Here are some shots of mine...


----------



## cuts33

Fastest. Shipping. Ever. 

Hahah - what'd you do steal a prototype?


----------



## acello27

cuts33 said:


> Fastest. Shipping. Ever.
> 
> Hahah - what'd you do steal a prototype?


Look at his location. It's the Steinhart company address.
I'm about 3 hours away in northern Italy. I think I need a road trip!


----------



## edwinwalke

cuts33 said:


> Fastest. Shipping. Ever.
> 
> Hahah - what'd you do steal a prototype?


He must have been waiting on the truck when it arrived from Switzerland.


----------



## Chromejob

Lovely, Solo, lovely. I like that the bracelet end pieces aren't jutting out, but take the connection link from the bracelet. 

It looks a little like the numbers of the bezel are formed by relief, cutouts in the black coating of the underside of the sapphire insert. IF that's the case, ... couldn't the underlying bezel be coated with lume, resulting in glowing numbers?


----------



## pinchycm

They should bring that bezel to the current Ocean (non 44) line. That'd be amazing.


----------



## H.Solo

Chromejob said:


> It looks a little like the numbers of the bezel are formed by relief, cutouts in the black coating of the underside of the sapphire insert.

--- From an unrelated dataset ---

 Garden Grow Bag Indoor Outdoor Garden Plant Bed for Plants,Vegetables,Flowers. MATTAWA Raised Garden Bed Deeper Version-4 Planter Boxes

No, its not "cutout" its silver and black printing on the undersite of the saphire bezel. But looks really gorgeous!

It's really a blessing to live about 20 Minutes away from the Steinhart-office... ;-) I have the watch for some days now, but promised Günter not to show any pictures of it, before it was available on the website!


----------



## rukrem

So everyone, you will be happy to knowI have decided what my next watch will be, any guesses? b-)

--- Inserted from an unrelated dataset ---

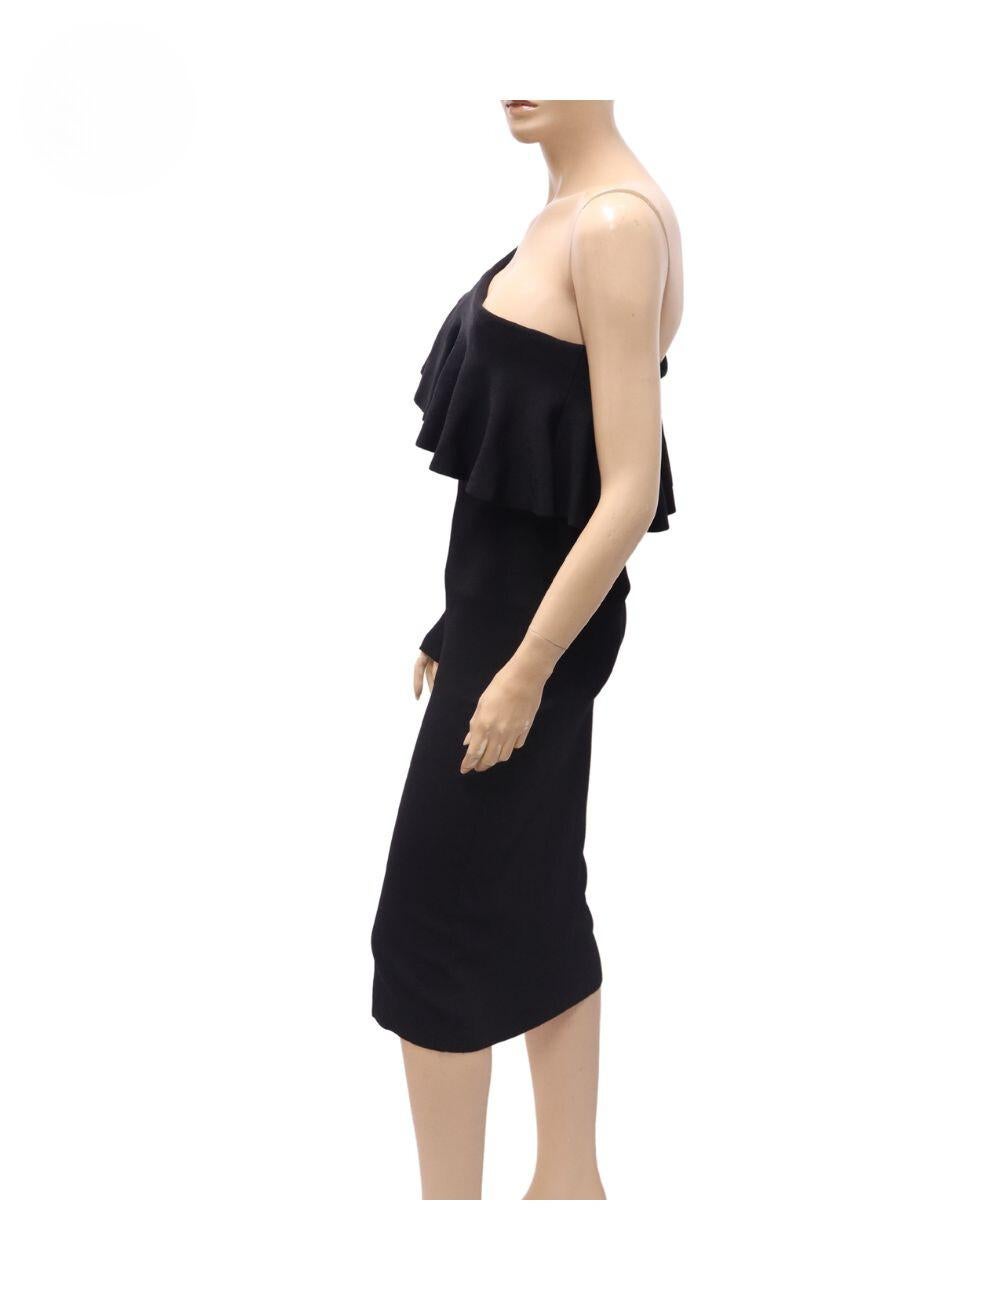 Pinko Women's Asymmetrical Ruffle Trim Dress Size L In Excellent Condition For Sale In Amman, JO

That bezel looks pretty awesome .... I can only image how nicely the sapphire would compliment a little color - are the folks at Steinhart going to make either a pepsi or coke colored combo?


----------



## H.Solo

If you want a 44 with Pepsi/Coke, you'll have to go for the GMT-Version... there would be no point of a two colored bezel with the 3-hands automatic.


----------



## delco714

Anyone else think this flows better than the GMT versions? It just looks more proper for some reason. I can't put into words my justification, though.


----------



## cuts33

delco714 said:


> Anyone else think this flows better than the GMT versions? It just looks more proper for some reason. I can't put into words my justification, though.

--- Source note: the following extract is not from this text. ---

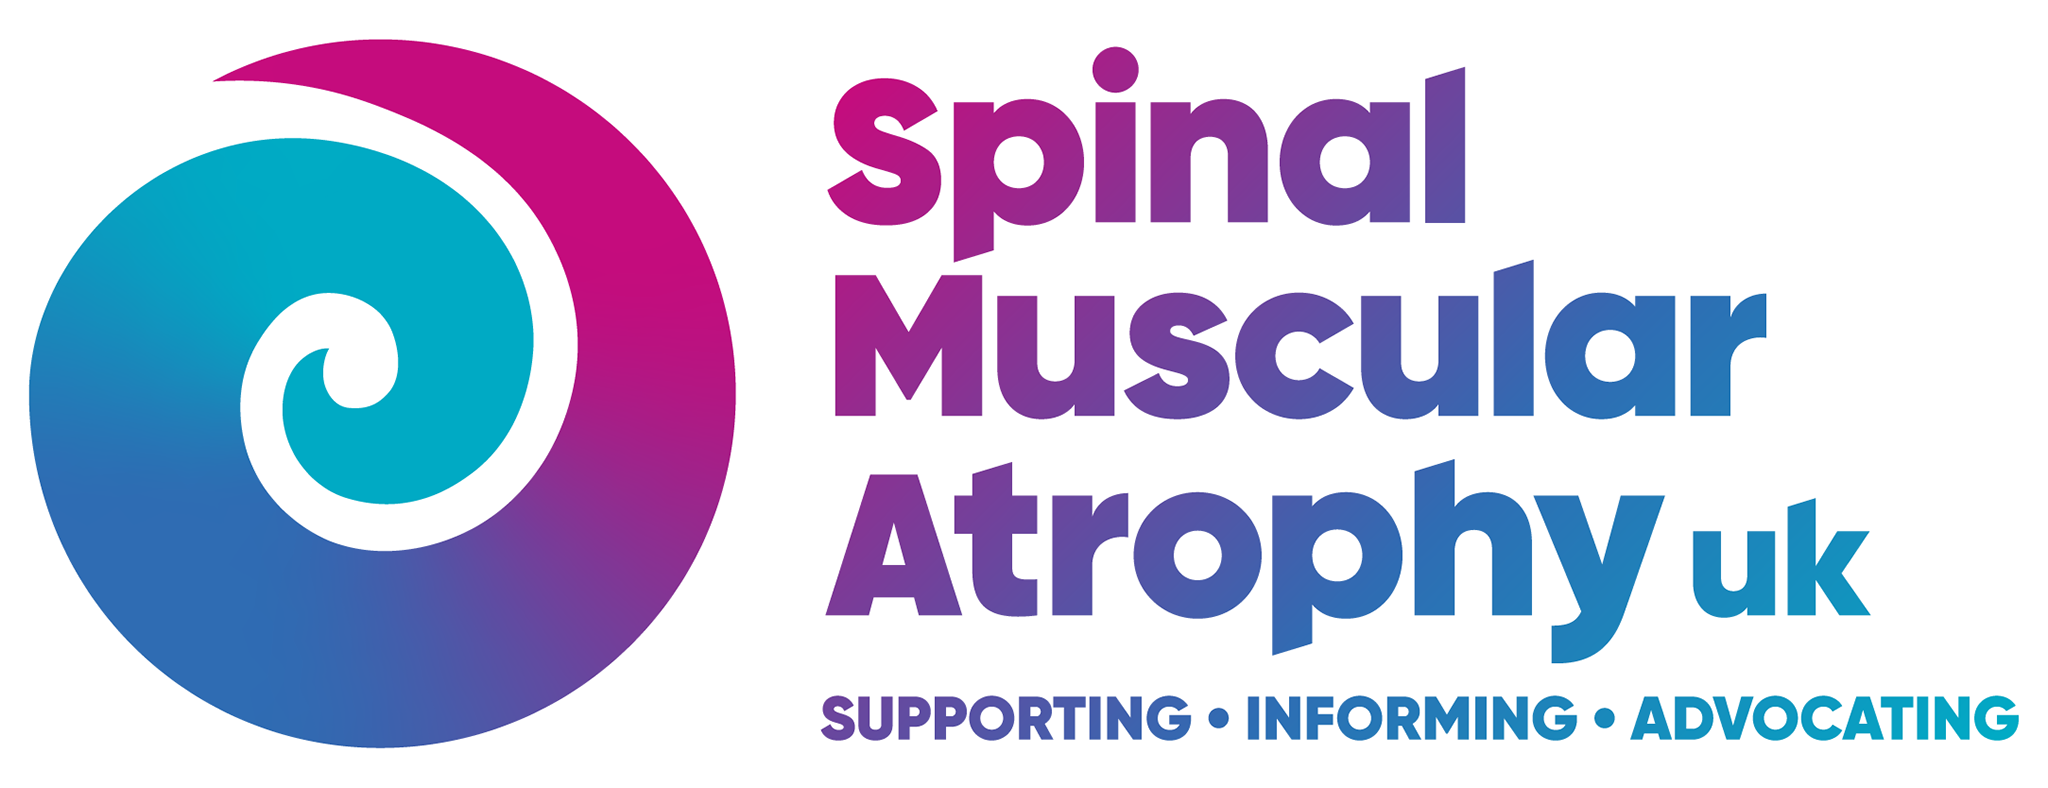 Spinal Muscular Atrophy UK

I don't know if "flow" is the right word but I just like the look of it better and I think my reasoning is I have never cared for the bezel on the GMT versions with the 2,4,6,8, etc. I realize that you need that for the GMT function to serve its purpose, but aesthetically, I just don't care for it. I also have no use for a GMT function so the cost-savings is a plus as well.

I have been waiting for this one to come out and based on the pictures that Solo put up - I will not be disappointed.


----------



## Chromejob

H.Solo said:


> If you want a 44 with Pepsi/Coke, you'll have to go for the GMT-Version... there would be no point of a two colored bezel with the 3-hands automatic.


Lots and lots of divers have a contrasting color for the first 15 or 20 minutes of the hour .... not sure if it's very visible deep underwater, but it does help, particularly on milsub-style bezels with minute markers going all the way round the dial. Like, um, this one. Now, here where there are larger minute ticks 0:00 to 0:15, and smaller ticks the rest of the circumference,... :think: ... not sure if a red & blue or red & black or other color contrast would work. I'll leave that to Triton.

BTW, I noticed the "pebbly" texture in the caseback engraving, how's it feel on the wrist?


----------



## watch.aholic

I think that bezel looks just fantastic. The whole watch as such would have a great wrist presence. I don't know for some reason, I can't get over the fact that the dial appears to be smaller in proportion to the bezel. Or if I can put it in another way, the rehaut has to be slightly less wide & that extra space should be taken by a bigger dial. I don't want to kick off another row here about comparing it to the DSSD but it's not a mystery that it is indeed the source of inspiration for this watch. The rehaut in DSSD is flatter or perhaps completely flat and even with that it_appears_ to be smaller than the rehaut in the Ocean 44. I think it's the sloping rehaut in the Ocean that gives appears to give an illusion that it's much bigger & that consequently takes that little bit of extra space *atleast visually* over the dial.

Here is a pic for comparison









Does someone see this as a flaw or is it just me who's got stuck with it?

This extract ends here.